This model was challenged in a landmark
study by Cua et al., who used a series of cytokine subunit knockout mice to prove that Th1 immune cells were not the primary drivers of EAE pathology.[41] The differentiation of Th1 cells is dependent upon the cytokine interleukin-12 (IL-12), which is composed of two subunits, p35 and p40. The p40 subunit can also bind to p19 to form IL-23.[42] Induction of EAE by immunization with myelin oligodendrocyte glycoprotein(35–55) peptide in p35 knockout mice produced a strong paralytic disease, characteristic of disease in wild-type control animals, whereas knockouts of either p19 or p40 had no EAE symptoms.[41] Replacement of IL-23 expression within the central nervous system of p19−/− or p40−/− mice restored the development Akt inhibitor of disease pathology, providing strong evidence for IL-23 as a key mediator of EAE. Interleukin-23 was found to expand a population of T cells that were distinct in their production of IL-17A, IL-17F and IL-6, and had elevated
production of tumour necrosis factor-α.[43] These cells were strongly encephalitic in the adoptive transfer model of EAE, AZD8055 providing evidence that this T-cell subtype was a principal driver of EAE development.
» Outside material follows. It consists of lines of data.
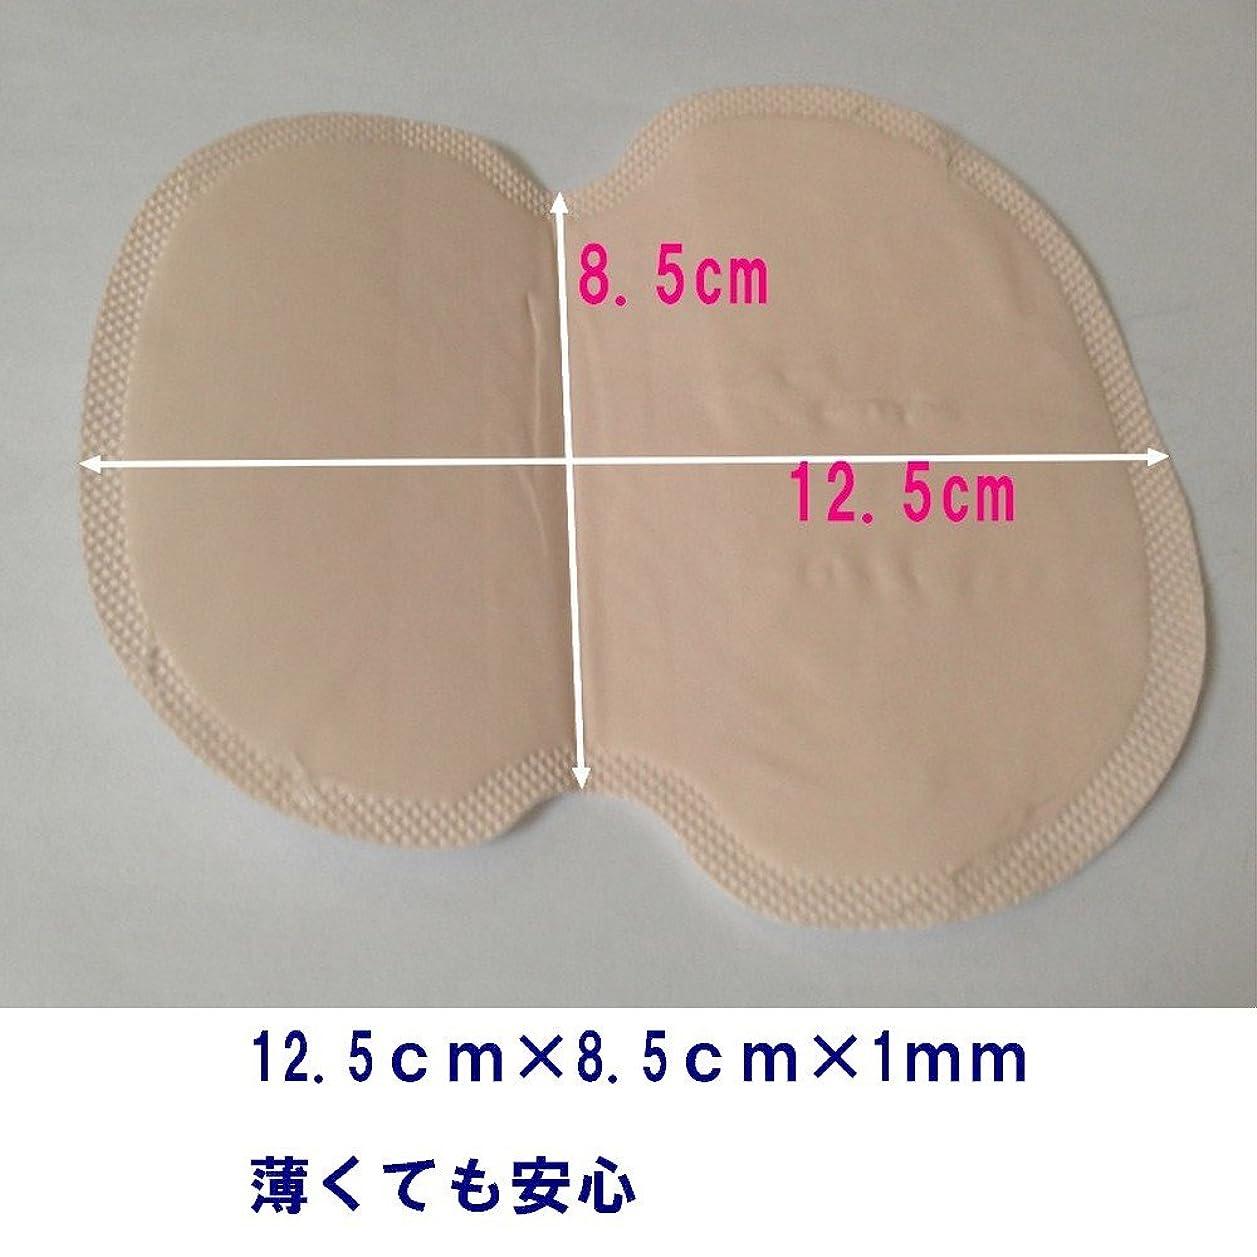 開発する風味甘味わき汗パット 普通サイズ 肌色ベージュ 300枚 汗取りパット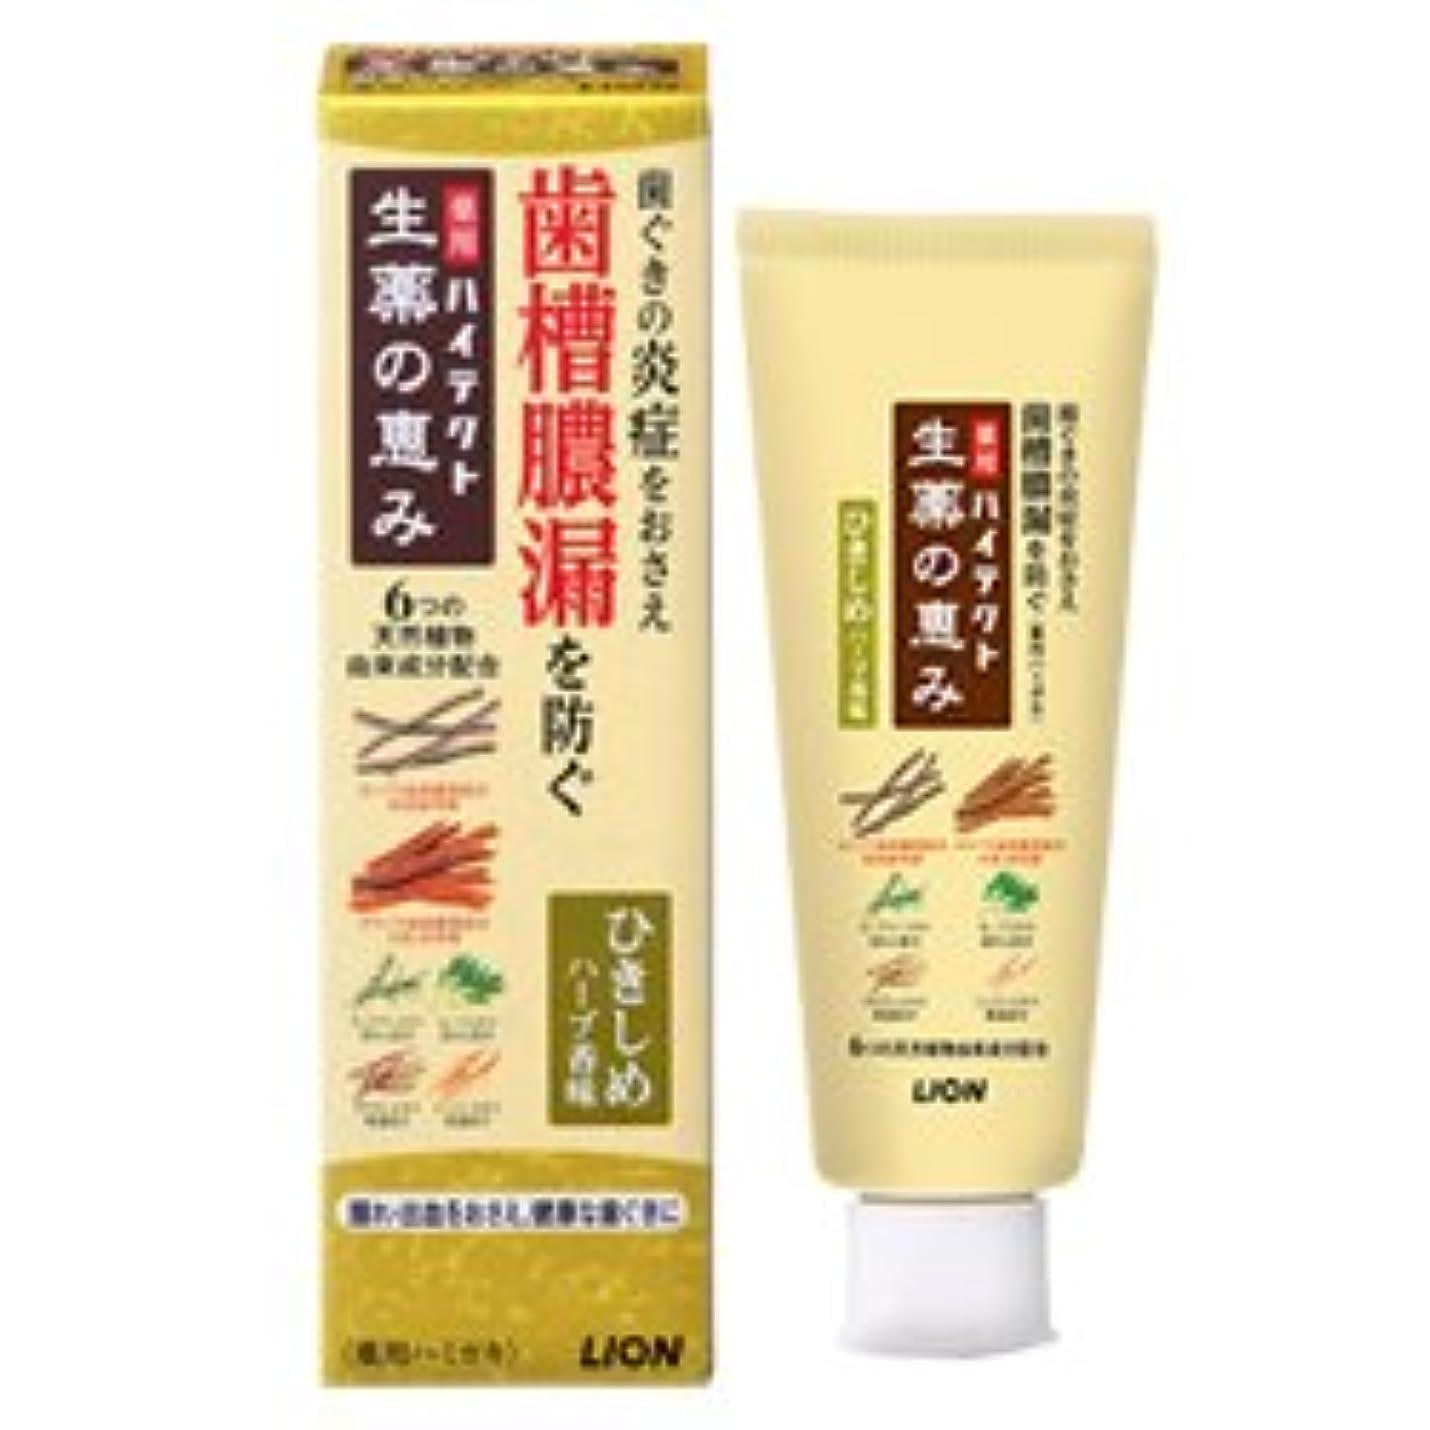 ターゲット雑品からかう【ライオン】ハイテクト 生薬の恵み ひきしめハーブ香味90g×5個セット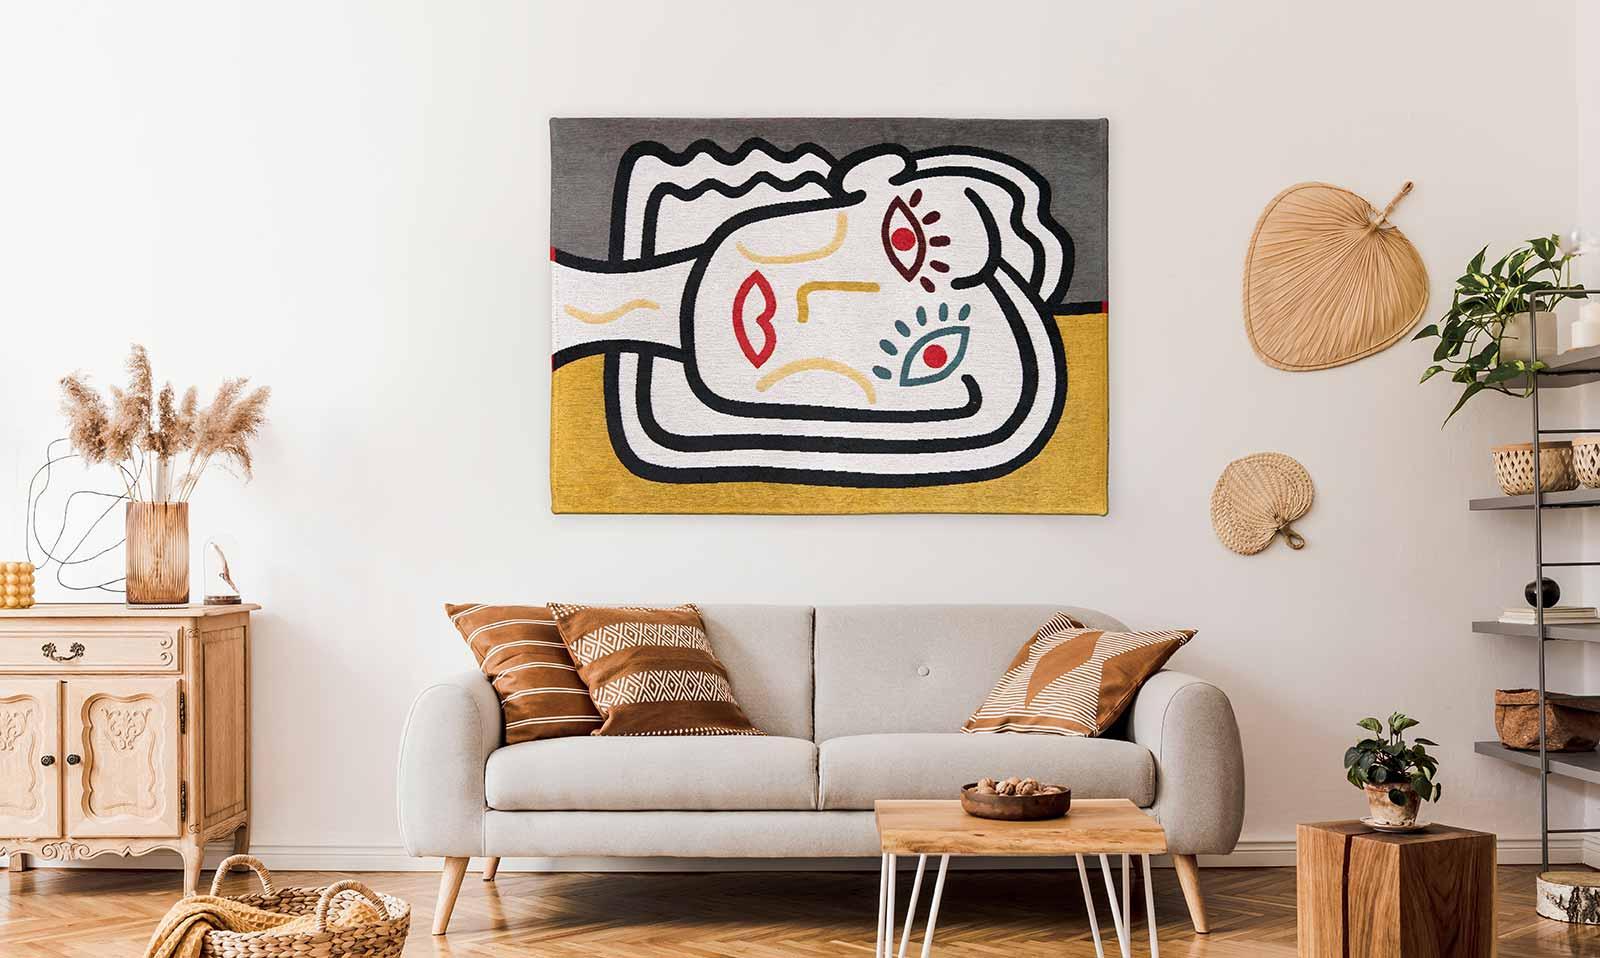 Louis De Poortere rug CS 9143 Gallery Dora Dorado interior 2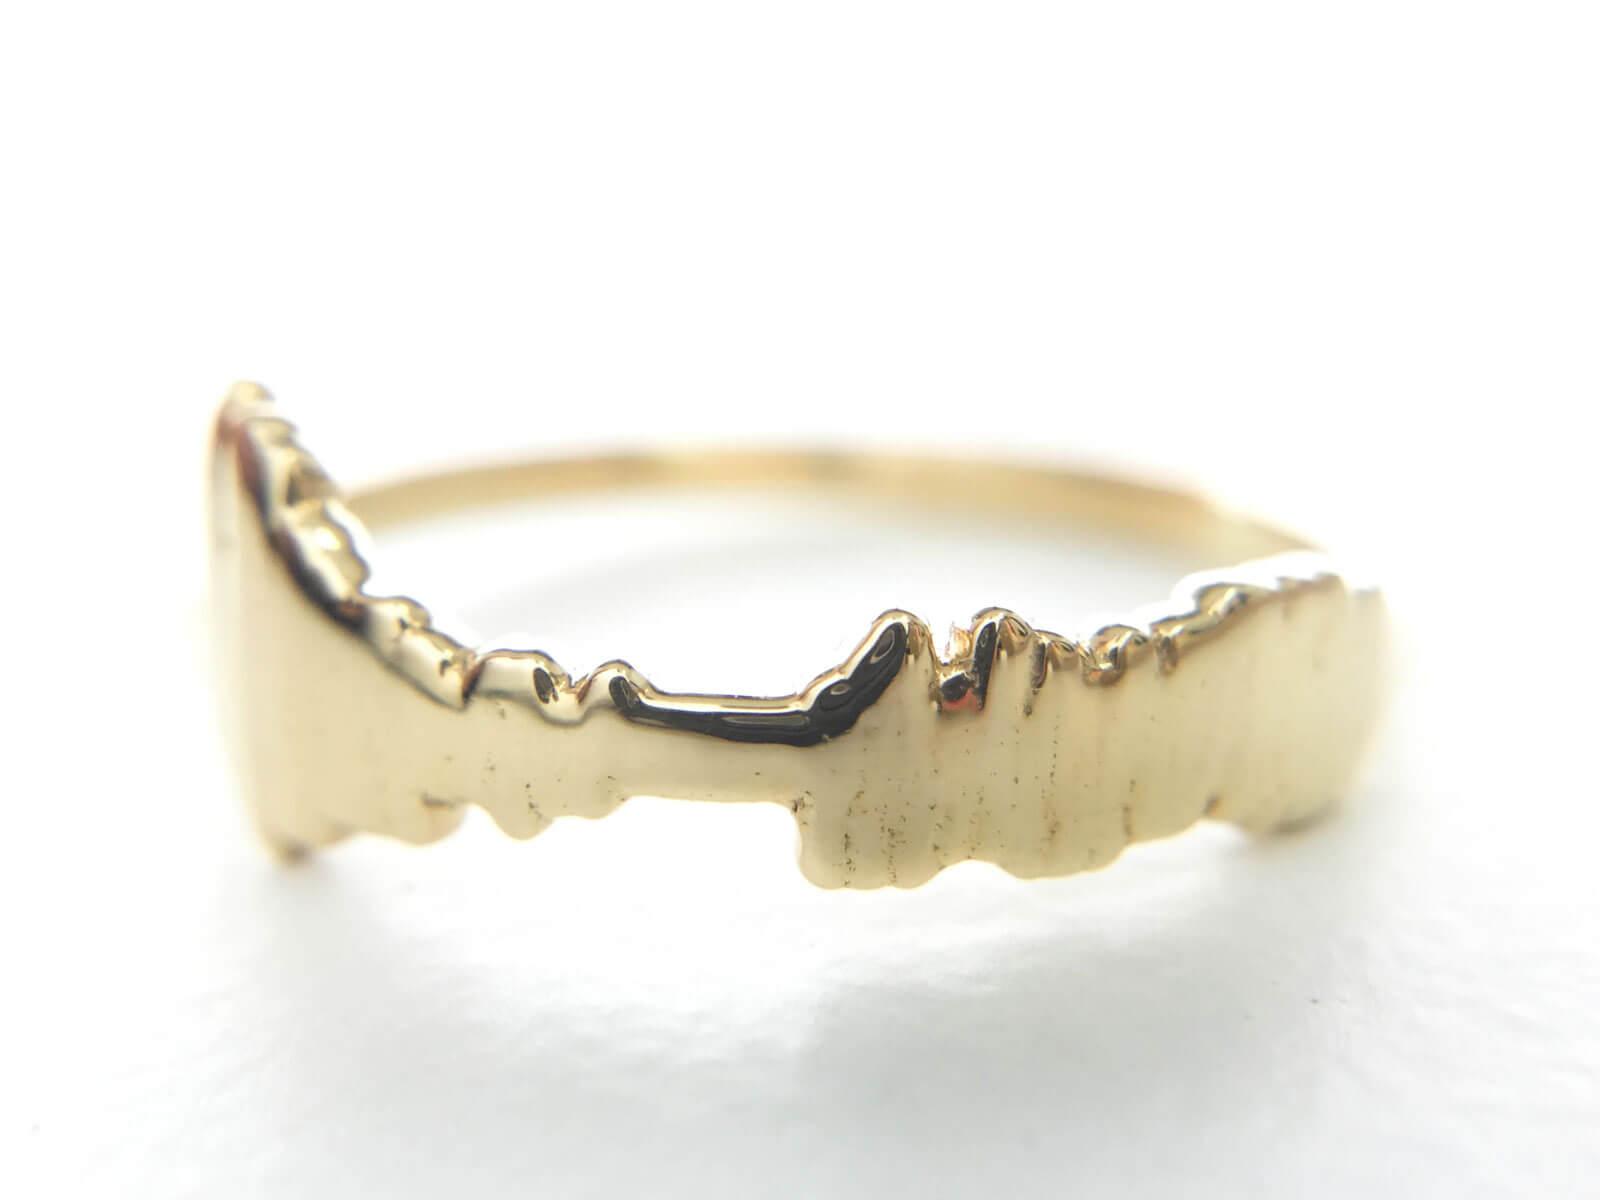 【BUMP】実際にエンコードリングのデザインを作ってみた!声が形になる指輪『Encode Ring』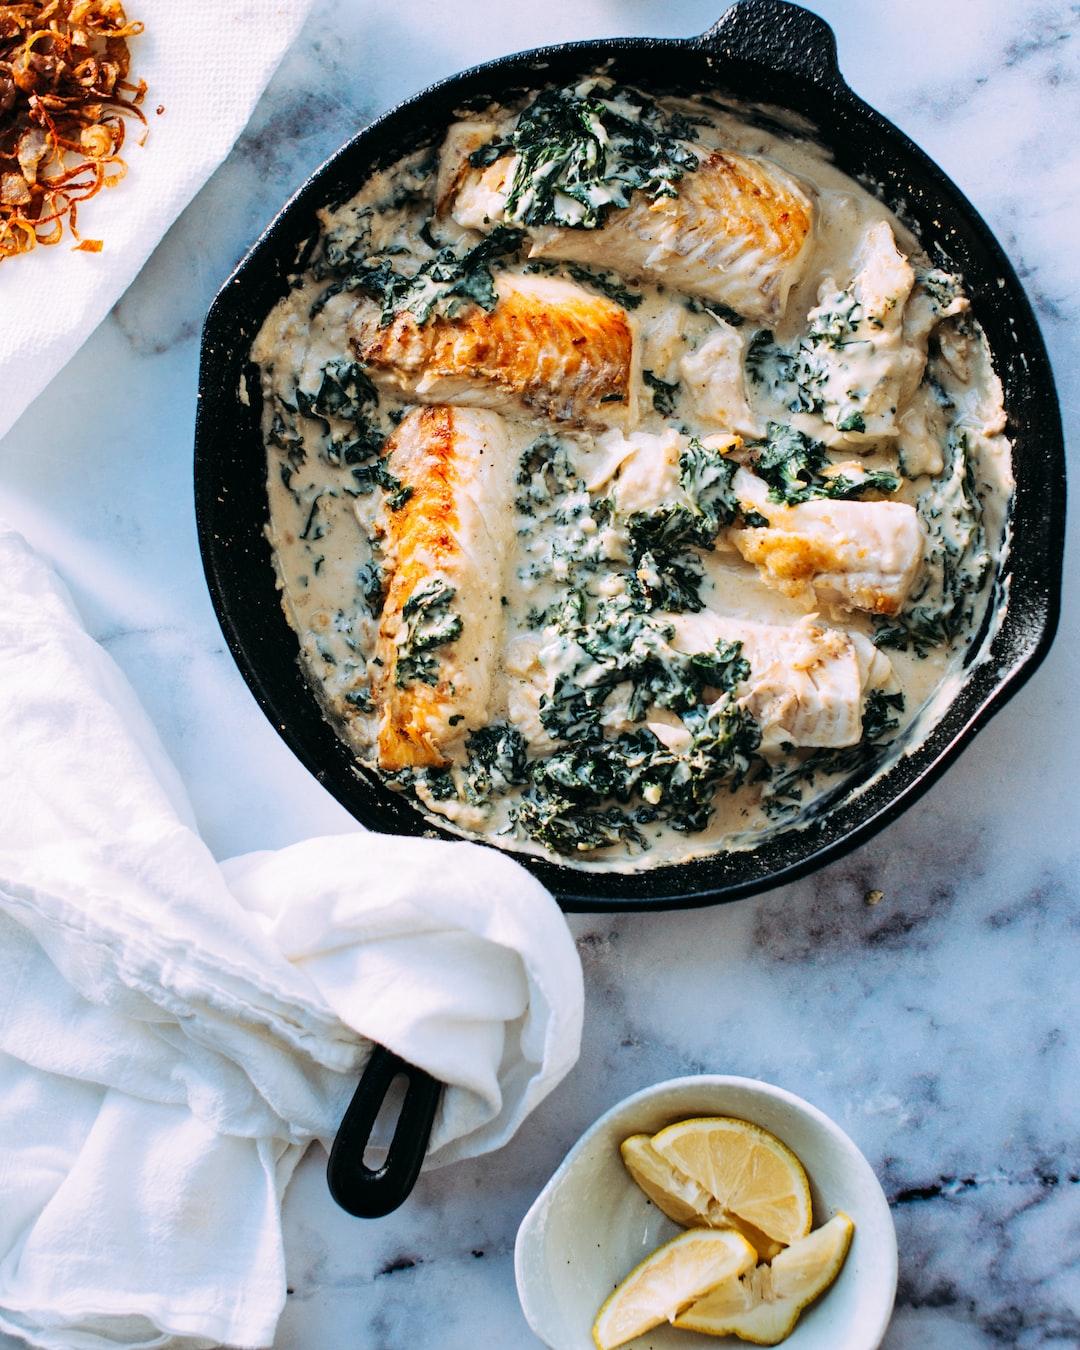 Creamy fish dinner photo by jennifer pallian foodess on for Verena hoflehner

Curiously, addition of IL-23 to in vitro cultures of naive T cells could not polarize them towards an IL-17 producing phenotype (Th17);[44] however, it was found that the addition of transforming growth factor-β (TGF-β) and IL-6 to naive T-cell cultures did elicit Th17 differentiation, and this was confirmed in additional studies.[45, 46] It is also notable that key Th1 and Th2 polarizing factors, interferon-γ and IL-4, respectively, could inhibit Th17 polarization.[44,
46] A feature common to T-cell subset differentiation is that they require a master transcription factor that drives the cellular programme for a specific phenotype, i.e. T-bet is required for Th1 development and GATA3 is required for Th2. The nuclear receptor retinoic acid receptor-related orphan nuclear receptor γt (RORγt) Cytidine deaminase was found to be essential for induction and maintenance of the Th17 differentiation programme.[47] Knockout of RORγt abolished Th17 differentiation, and IL-6/TGF-β treatment of T-cell receptor-stimulated naive T cells increased expression of RORγt before observed increases in IL-17A and IL-17F, implying that RORγt activation is upstream of effector cytokine production. Induction of RORγt required IL-6, a cytokine that activates phosphorylation of STAT3 in a Jak-dependent manner. This was negatively regulated by the suppressor of cytokine signalling 3 protein, as T cell-specific deletion of suppressor of cytokine signalling 3 resulted in hyperactivation of STAT3 and induction of the Th17 programme, which occurred even in the absence of additional IL-6 and TGF-β.[48] STAT3 also bound to the promoters for IL-17A and IL-17F, indicating that STAT3 is a direct regulator of Th17 effector functions.